Link Search Menu Expand Document

Data Management Planning Checklist

The following are questions that can assist in developing a strong data management plan. Not all questions may apply to your project.

Describing Your Expected Data:

  • What datasets are expected to be produced from the project? Include both raw data and processed data and any anticipated derivative applications or models.
  • What form(s) and format(s) are the data in?
  • What consistent naming methods are being used for data files or folders?
  • Has any data in the set been collected from other sources, a.k.a. third-parties? If so, have you cleared any copyright concerns to use and re-publish this data?
  • What specific tools or software are needed to view, process, or visualize the data? Is any proprietary software needed?”
  • Who owns the data?
  • Who is responsible for managing the data?
  • Who will have access to the data during the project?

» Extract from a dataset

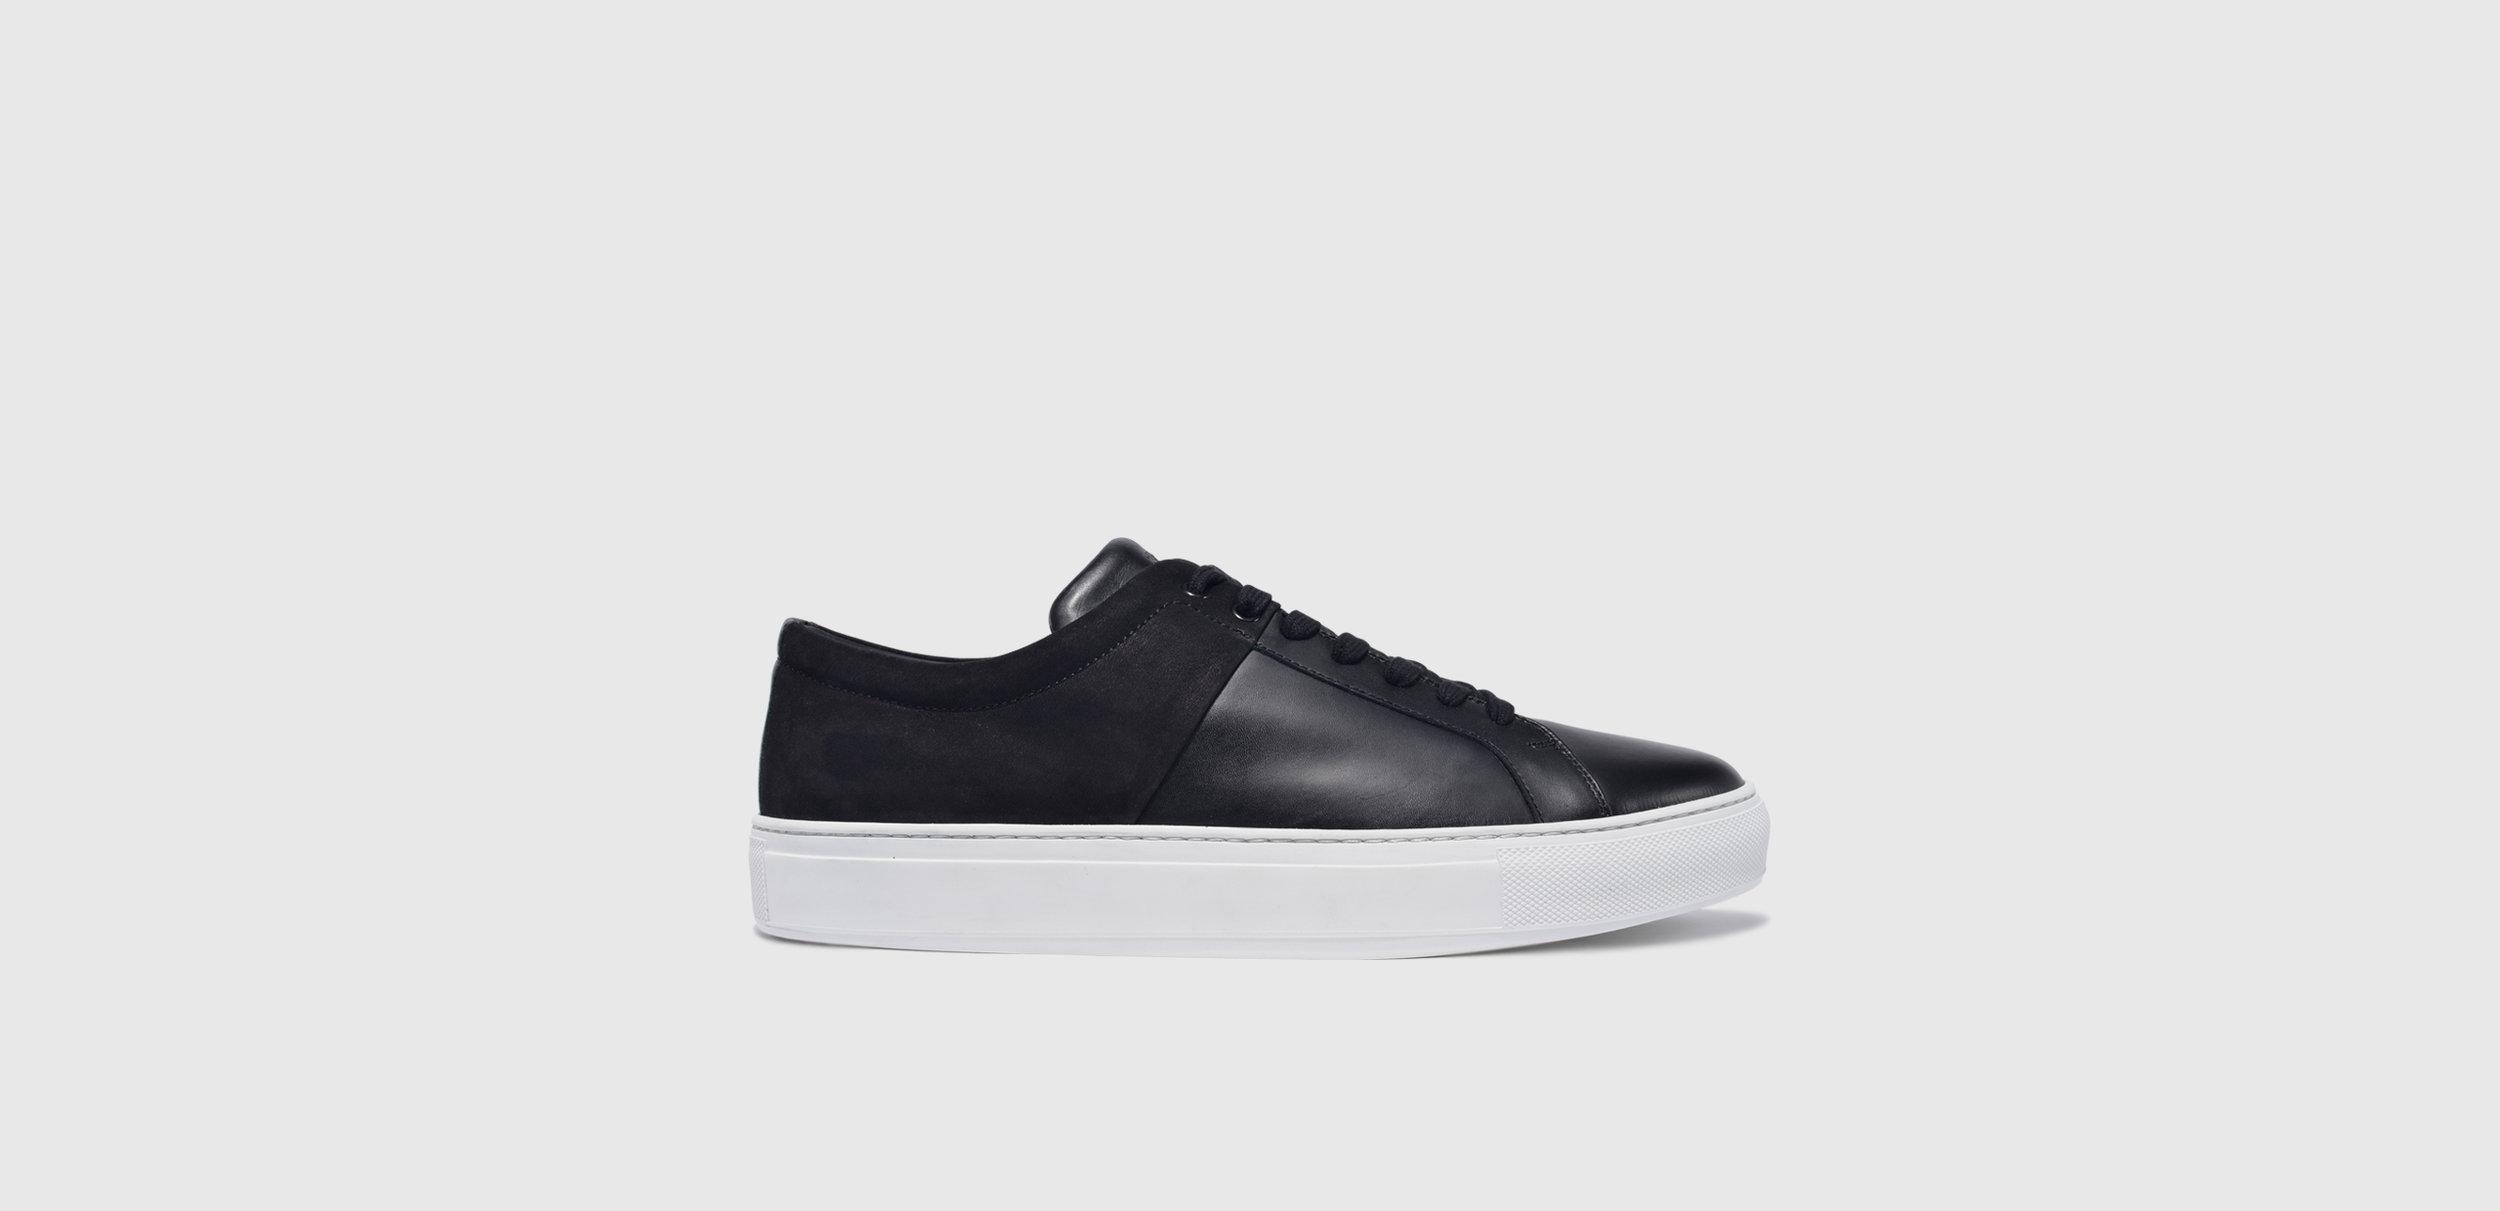 blucher-01-nubuck-leather-black-m-1.jpg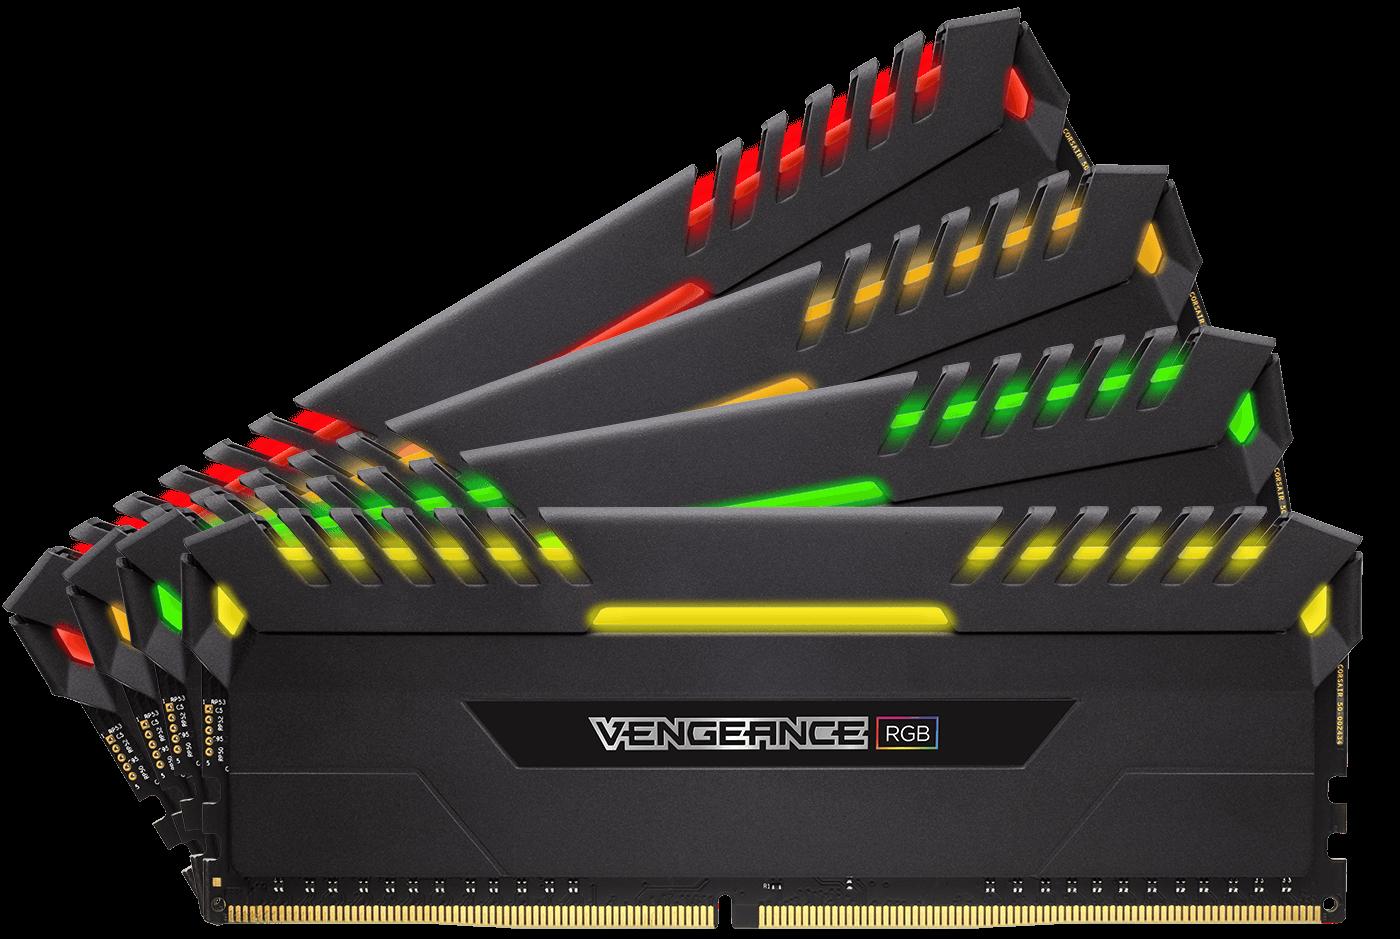 Memorie Desktop Corsair Vengeance RGB 64GB(4 x 16GB) DDR4 3466MHz

Enabling Discovery of Your Data:

  • Who will be responsible for documenting the data (creating the metadata)?
  • What standards will be used for the metadata (e.g. XML-based like EML, Dublin Core)?
  • Have you used any formal specialized vocabularies, code lists, thesauri, or taxonomies (e.g. phylogenetic taxonomies, ISO topics)?
  • Have you used any customized abbreviations or shorthand? Are they explained in full in the data documentation?

Enabling Long-term Storage of Your Data:

  • Where will the data be stored during the project?
  • What backup measures will be implemented?
  • Where will the data be archived for long-term storage?
  • Will you expect to alter or update archived data, or is it permanently finished once archived?
  • How long should the data be stored by an archive or repository?
  • How large is the dataset, and if relevant, what is its anticipated rate of growth? (e.g. MB/year)

Enabling Sharing of Your Data:

  • How should the data be made accessible?
  • Who are the potential audiences for the data?
  • How could the data be re-used and re-purposed?
  • Does the dataset include any sensitive information subject to confidentiality concerns?
  • If possible, describe any required or special measures required by funders, lab, or IRB.
  • Will the data be collected in the United States or other? If so, where?
  • Do the data have unique identifiers?

Enabling Citation of Your Data:

  • What publications, discoveries, or further datasets have resulted from the data?
  • Who will receive credit for authoring the data? In what order, if any, should the authors be given?
  • What organizational name should be referenced in citing the data?